Special Report on HR TechnologyTalent Planning for the Times

By Ed Frauenheim

Oct. 28, 2009

Last year’s sudden financial crisis and the massive layoffs that came in its wake beg a question: Is workforce planning possible in any meaningful way?

It is, say firms that sell workforce planning software. Vendors such as Vemo, Infohrm and HumanConcepts pitch products designed to help companies prepare for the future of their workforces.

The tools, which tend to focus on either short-range or long-term planning, aren’t perfect. Over-reliance on data-crunching software can cause companies to lose sight of intangibles that are crucial to a company’s culture, for example. And as the recession demonstrates, business predictions are highly fallible.

But workforce management software is selling at a brisk pace. That’s partly because of a recession that took much of the world by surprise, vendors say. They argue that many firms responded to the downturn with crude people cuts that cost them key talent or handicapped their growth. Wisely implemented, workforce planning tools promise to help organizations handle variable business demand, says Brian Kelly, president of Infohrm for North America.

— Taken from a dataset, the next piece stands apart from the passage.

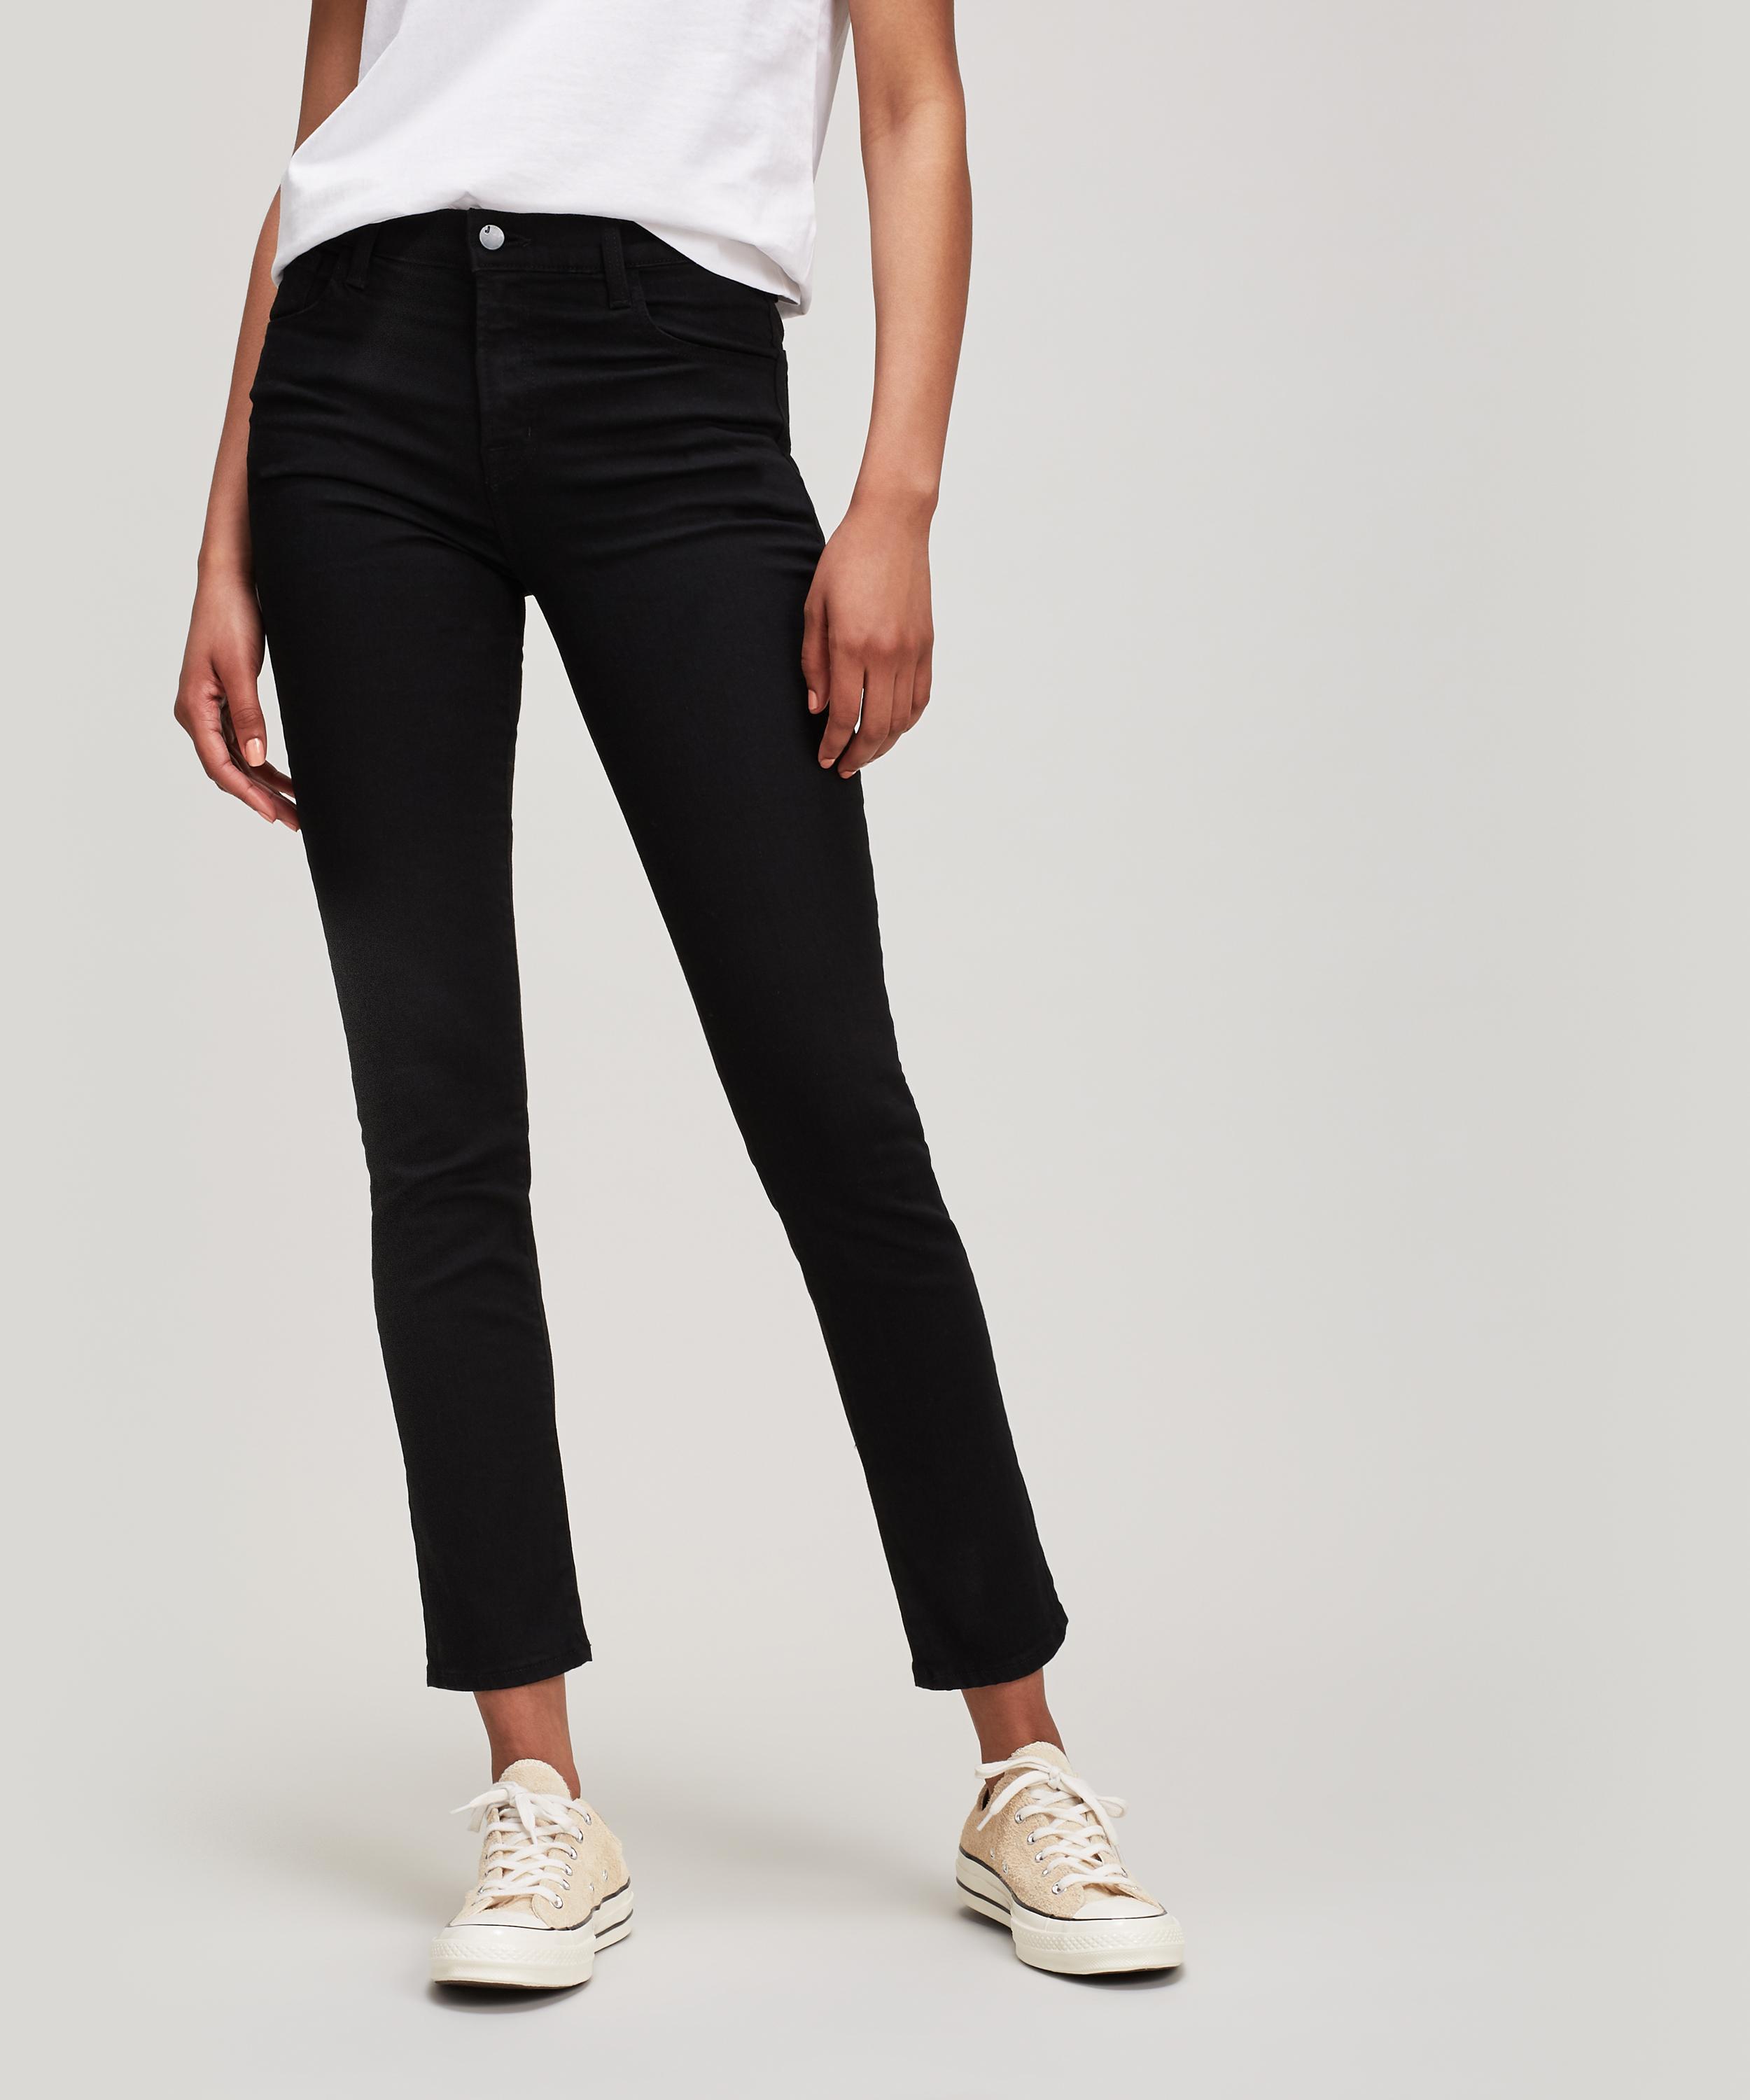 J Brand Denim Ruby 30 Crop High Rise Cigarette Jeans in Black - Lyst

“We can’t predict economic downturns,” he says. “What we can do is help organizations manage through good and bad times.”

Planning strategies
Workforce planning software refers to applications that allow companies to forecast the number and kind of employees they will need at some point in the future. A cousin to succession management, which focuses on specific positions in a firm, workforce planning tends to home in on key job families or skills that will be required. In many cases, the tools let firms experiment with different scenarios, examining what workforce costs or risks may result from taking steps such as entering a new geographical market or eliminating a business unit.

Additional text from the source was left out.